Шайзе, да он не узнал бы похоть, даже если б к ней прилагалась сопроводительная записка с инструкцией!
— Зато я… зато… — что за ночь такая проклятая? Почему все время приходится думать, что сказать, и все время ничего не придумывается?
— Да я разве спорю? — Хасану оказалось достаточно просто «зато», без уточнений. — И еще много разных достоинств. Дисциплины не хватает, но это вопрос времени и воспитания. Так ты понял меня?
— Да. Ты думаешь, и Стив тоже, что я всегда… что это не дайны и не работа ратуна. И вы думаете, это нормально.

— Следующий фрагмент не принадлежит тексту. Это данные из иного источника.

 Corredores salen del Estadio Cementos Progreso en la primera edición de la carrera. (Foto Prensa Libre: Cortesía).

— Нет, не нормально, ты особенный, но это хорошо, а не плохо. Тебе своим викторианским мозгом, — Хасан постучал его пальцем по лбу, — просто не понять, что тут хорошего. Остается верить мне на слово.

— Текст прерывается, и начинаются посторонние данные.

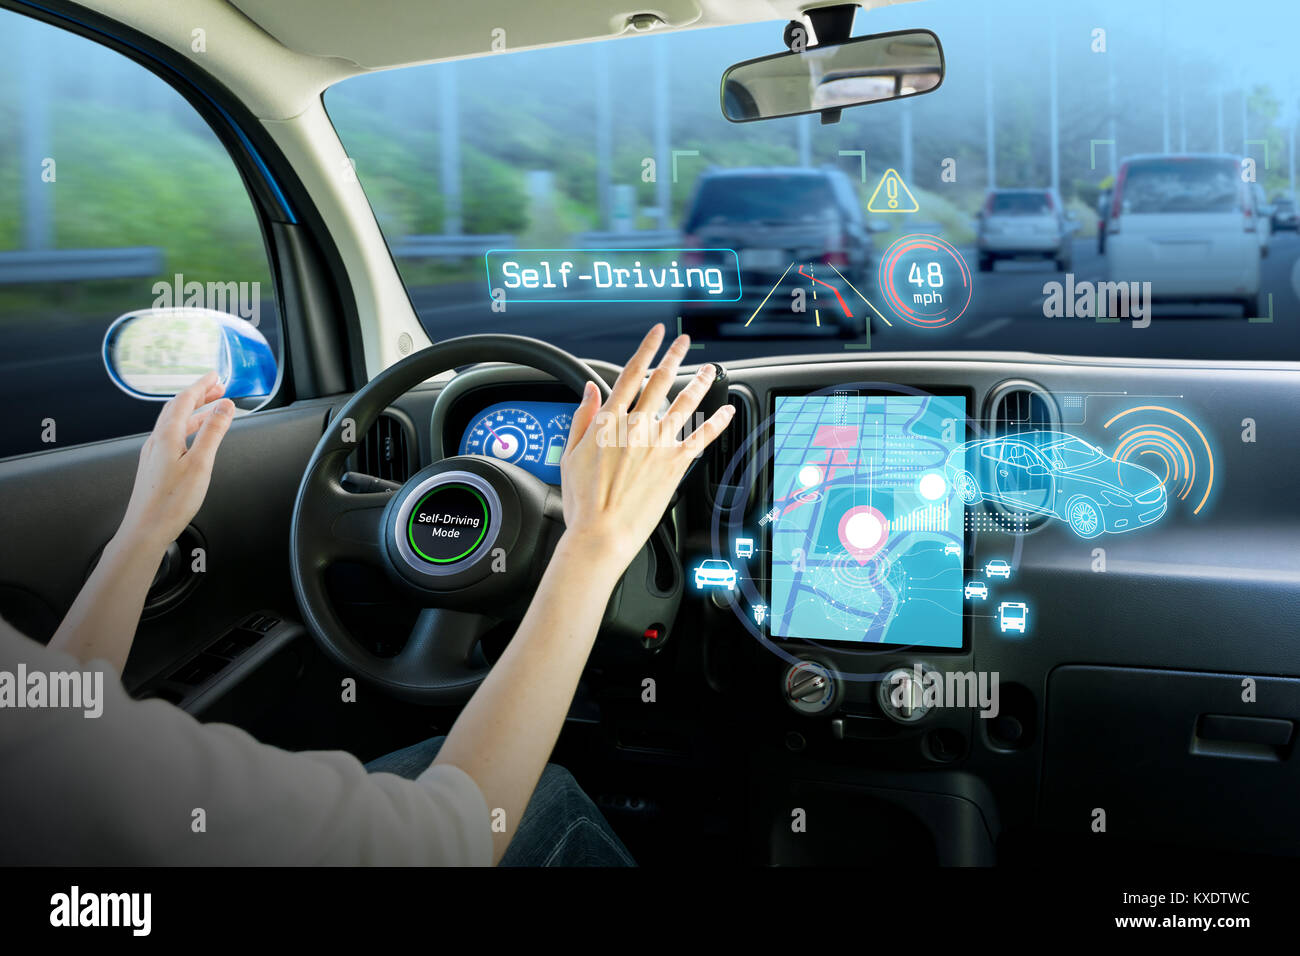 Cockpit du véhicule et l'écran, car la technologie de l'électronique, l'automobile, voiture autonome, résumé visuel de l'image Banque D'Images

— Не, ну результат-то зашибись, это я и сам вижу… — Заноза попытался выключить «викторианский» мозг и включить тот, который был свидетелем сексуальной революции, бешеных шестидесятых, когда слово «мораль» не просто стало ругательством, а вообще выпало из употребления. Проблема в том, что он и тогда не понял, в чем кайф вседозволенности. Его к тому времени не было уже семьдесят с лишним лет, а для того, кого нет, и запретов никаких не существует. Вся его мораль сводилась к тому, что делать можно все, что хочется, но того, что хочется делать хотелось не делать. И, в любом случае, чего никогда не хотелось, так это как раз того, чего от него хотели в первую очередь.
— Не пытайся, — Хасан покачал головой, — не поймешь. Просто пользуйся. Как я твоими шайтан-машинками.
Ясаки был другим. Не таким, как Хасан и Стив. Если дело, действительно, не в дайнах, а в чем-то, доставшемся от рождения, то сто лет назад привлечь его внимание Заноза мог ровно с тем же результатом, с каким умудрился на свою голову вызвать интерес ратуна. Ясаки этого и не скрывал, хоть и признал, что добиться результата тогда стало бы ошибкой. Даже процитировал то ли буддистскую, то ли синтоистскую поговорку, мол, проклят тот, кому удается все задуманное.
Злой дух, фигли. Чего от него ждать хорошего? И все равно он был классным, с ним было интересно.
И он понравился тийрмастеру.
Ясаки. Беспощадный как смерть и равнодушный, как кусок камня.
Ну, то есть… обычно, равнодушный. В нормальных обстоятельствах. Без ненормальных упырей рядом, которым вывести из себя кусок камня — как два байта переслать. Это Турок неуязвим, а до Ясаки можно добраться.
Не сказать, чтоб Заноза специально что-то делал, но они давно не виделись, и Ясаки не ожидал встречи в аэропорту, так что самурайская сдержанность дала трещину с первых минут пребывания в Алаатире. А Алаа тоже не приходится сильно стараться, чтобы видеть сквозь чужую броню. Короче, все сложилось лучше, чем могло. Заноза привез в резиденцию не очень злого духа, Алаа что-то там свое разглядел и одобрил, Ясаки две трети сказанного тийрмастером не понял, но оставшуюся треть счел удовлетворительной.